# Task instructions
Without including any pictures, write out the data below exactly.

# Exercise data
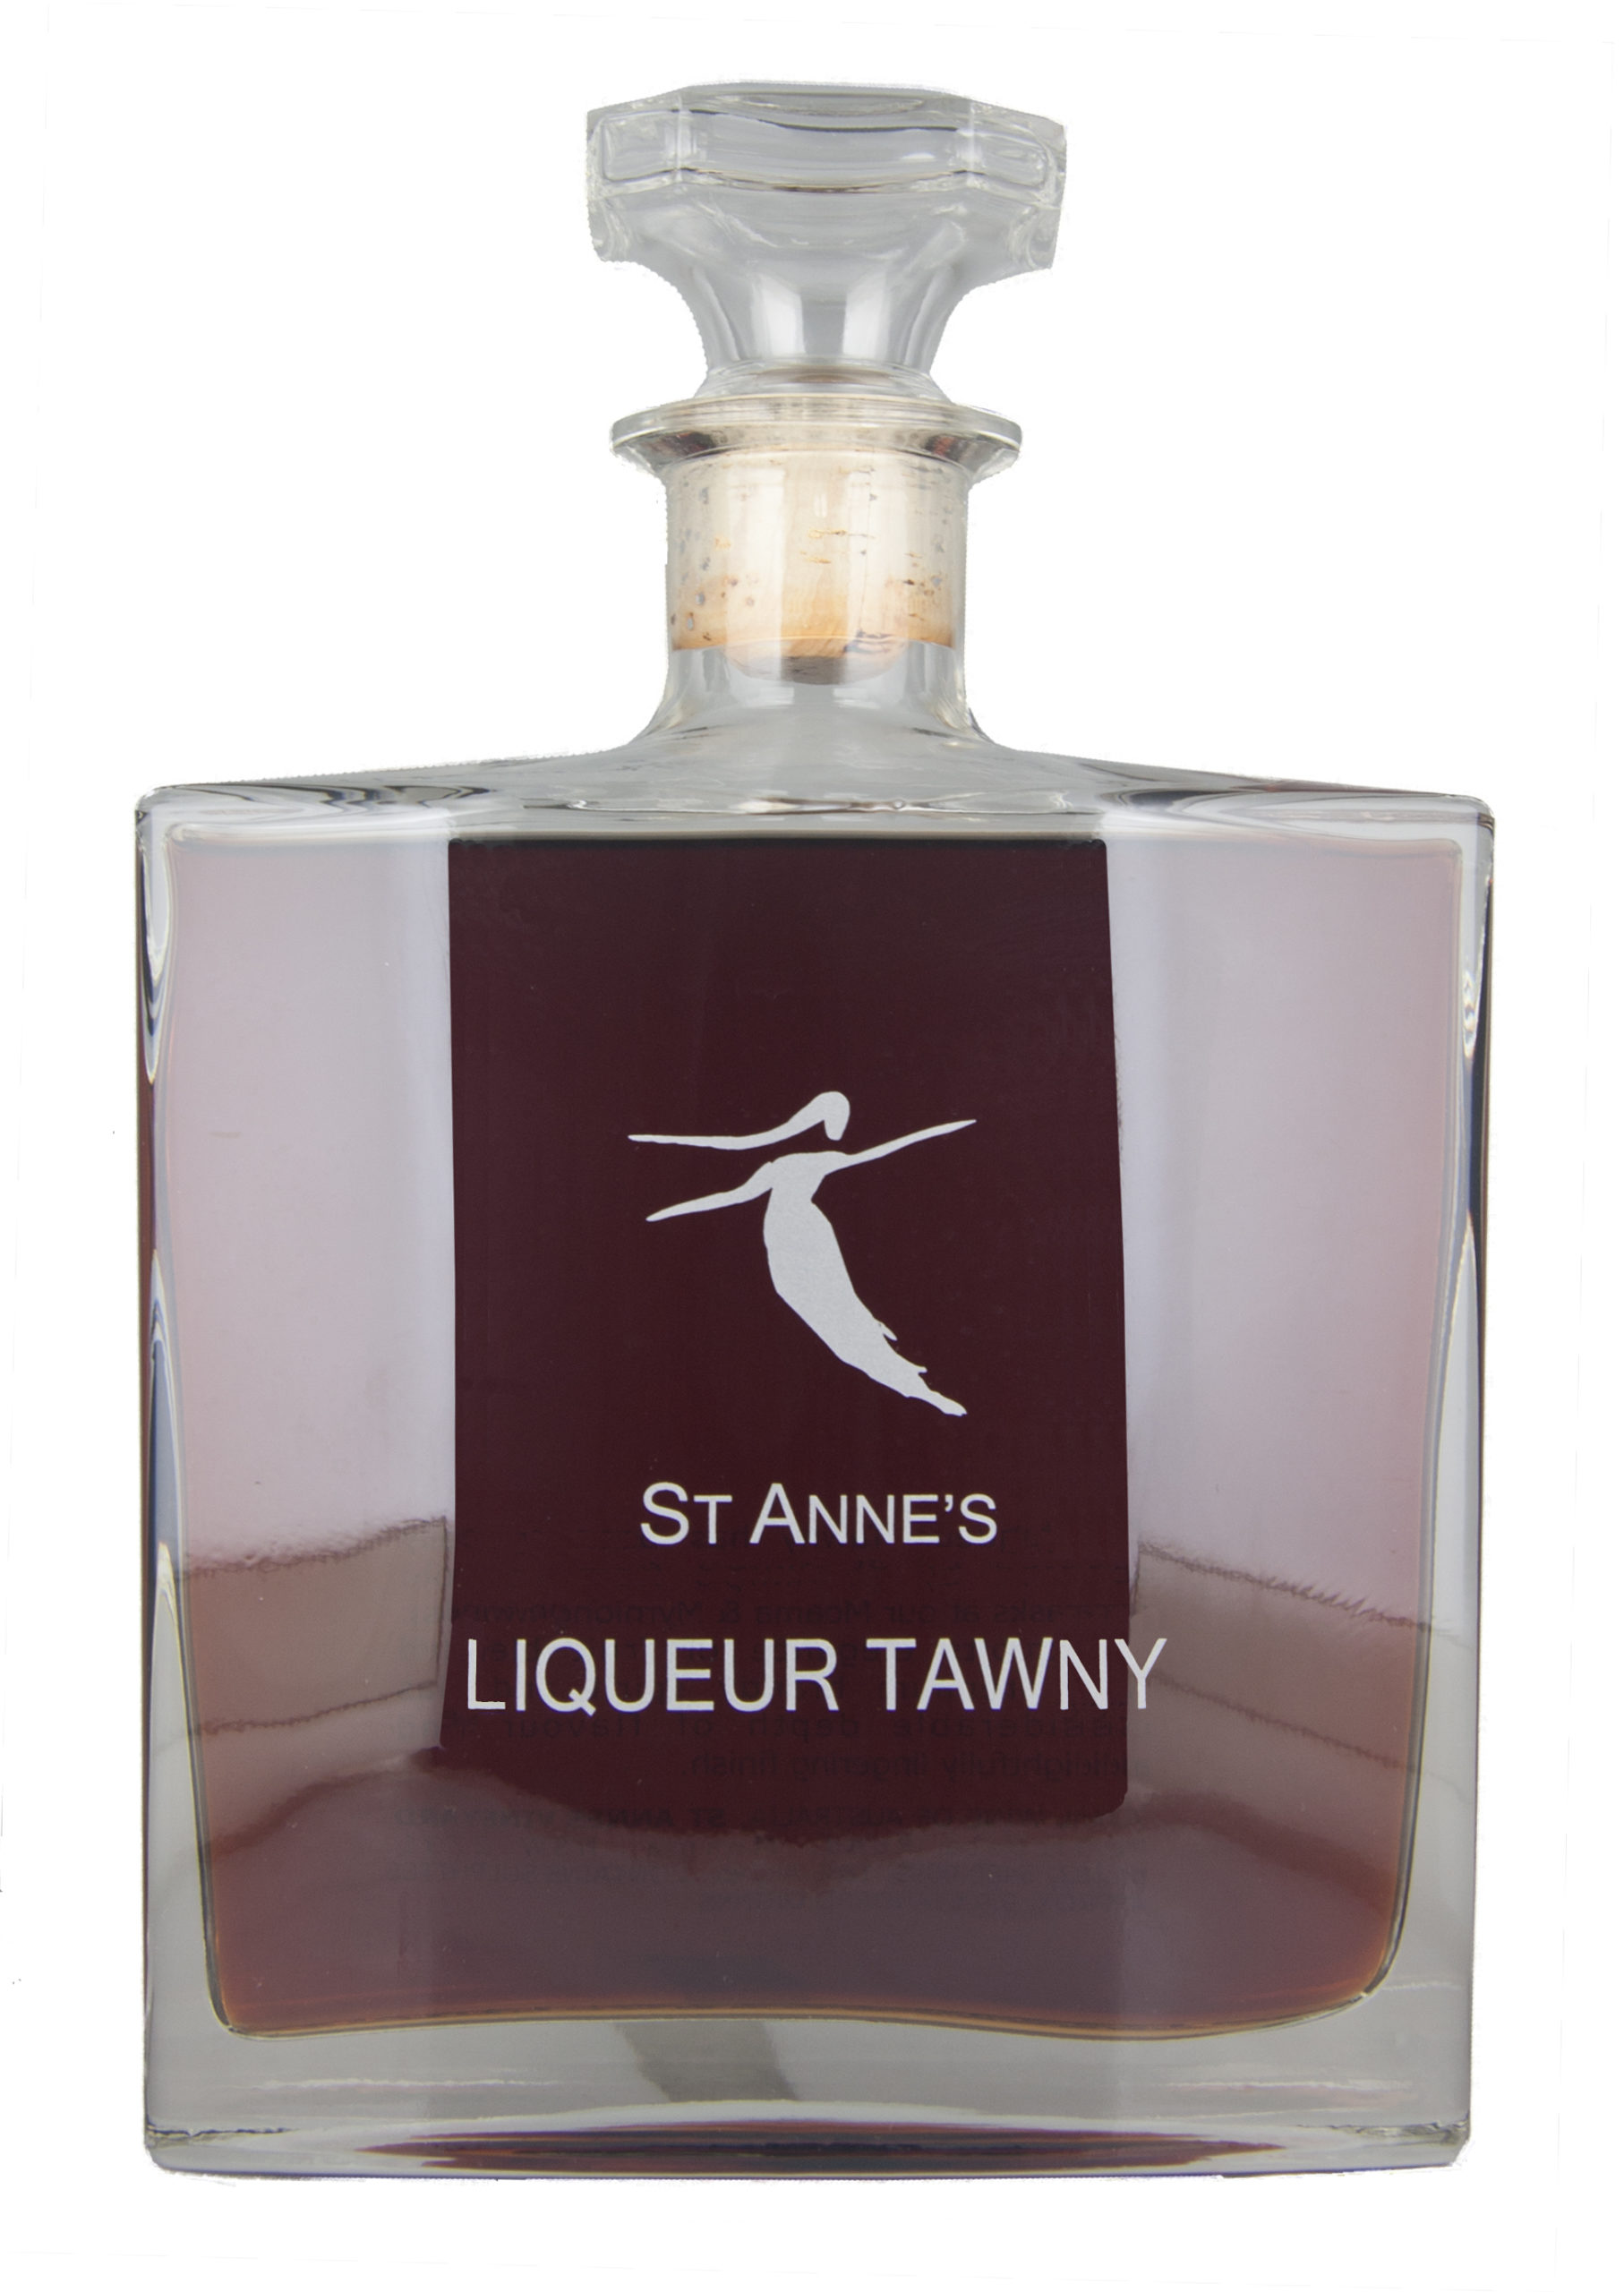 St Anne's Liqueur Tawney Decant
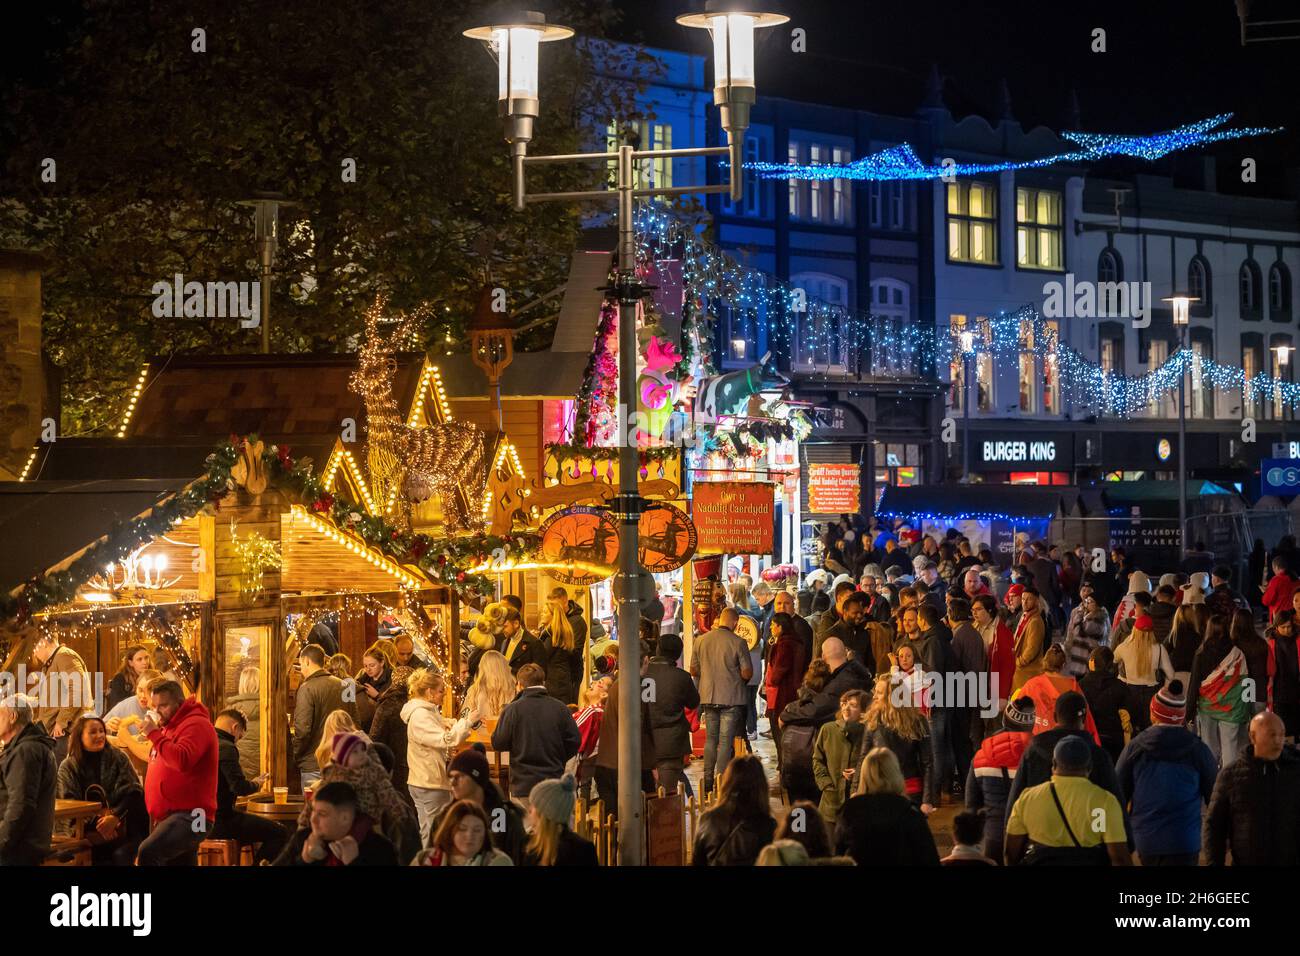 Les acheteurs de Noël sur les marchés de Noël à Cardiff, au pays de Galles, au Royaume-Uni. Banque D'Images
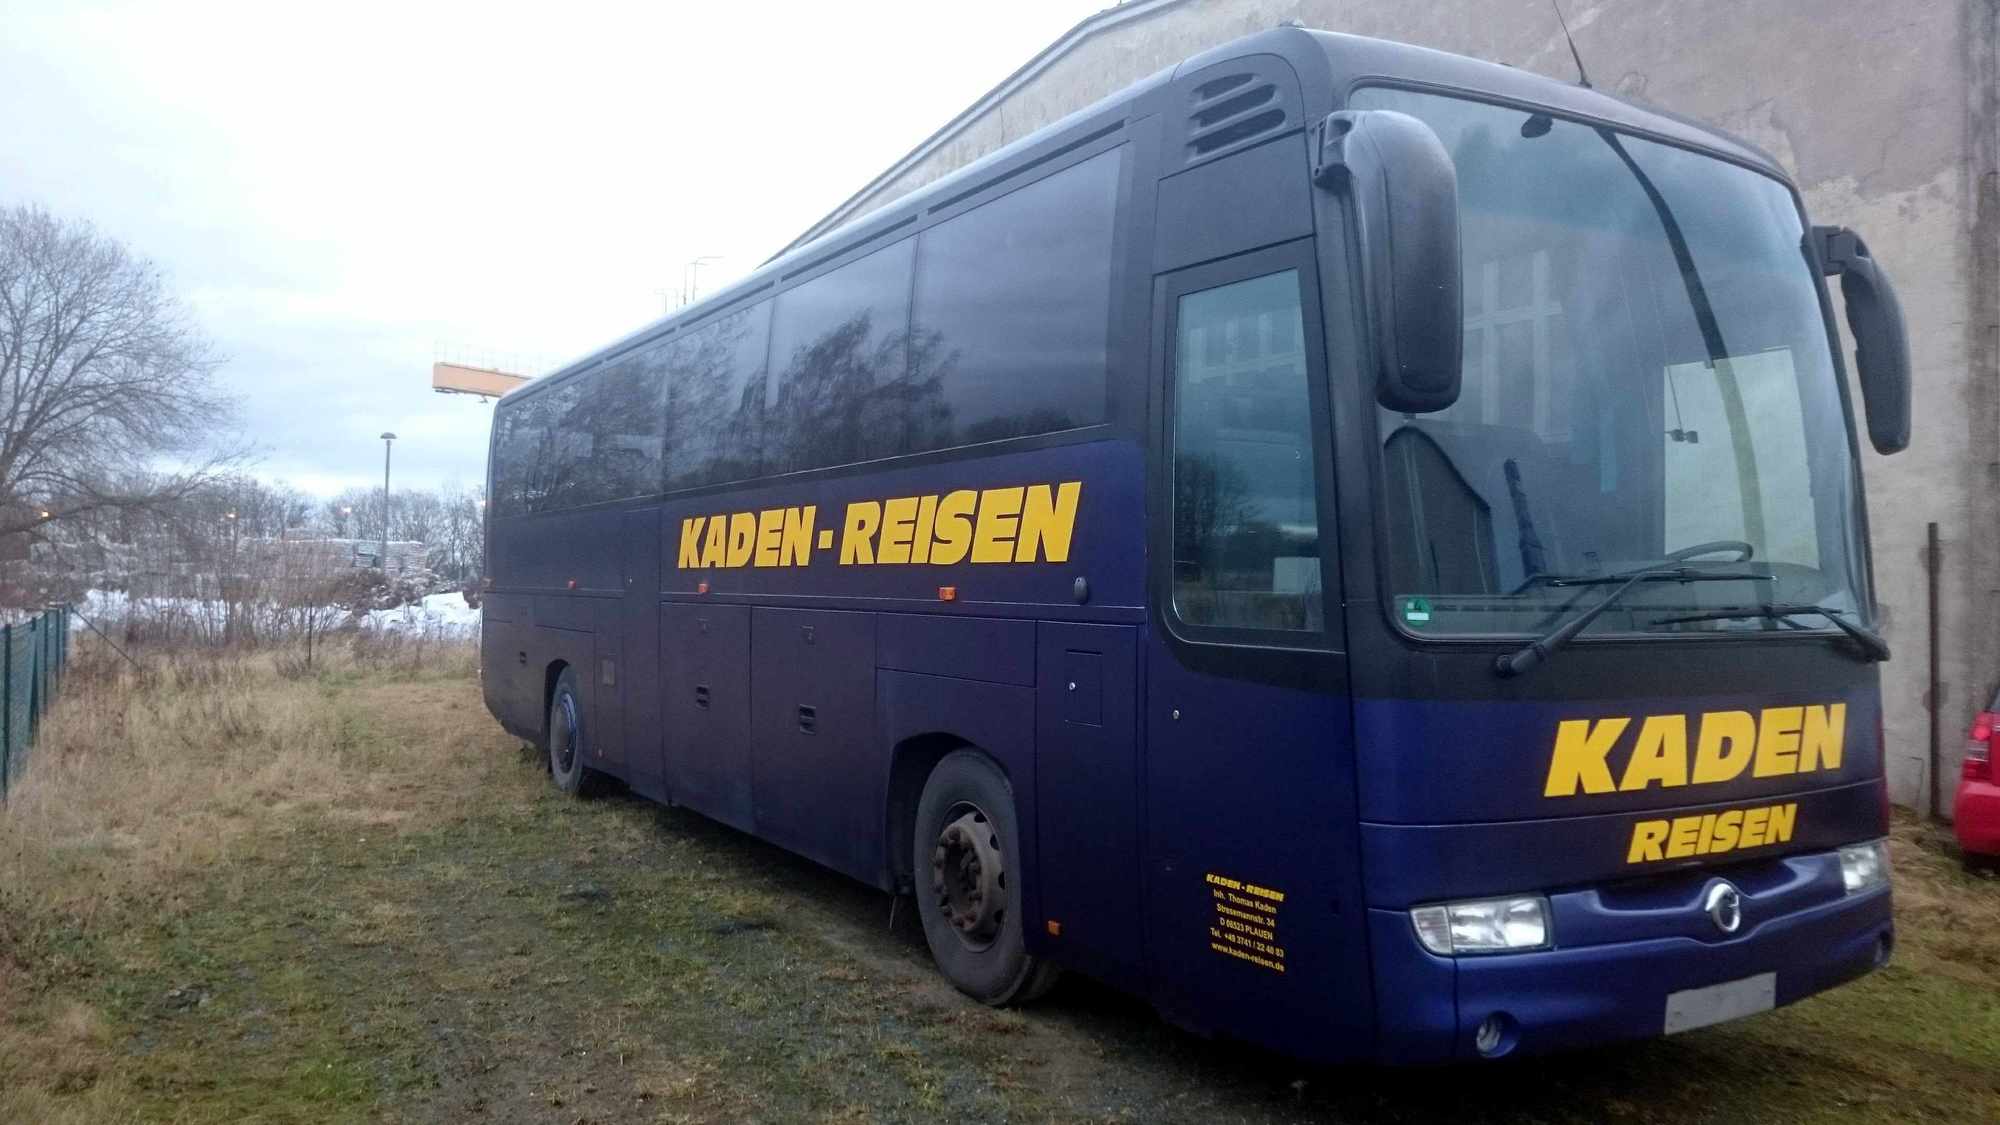 Kaden-Reisen undefined: picture 1

# Problem solution
 St Anne's Liqueur Tawney Decant
 Les acheteurs de Noël sur les marchés de Noël à Cardiff, au pays de Galles, au Royaume-Uni. Banque D'Images
 Kaden-Reisen undefined: picture 1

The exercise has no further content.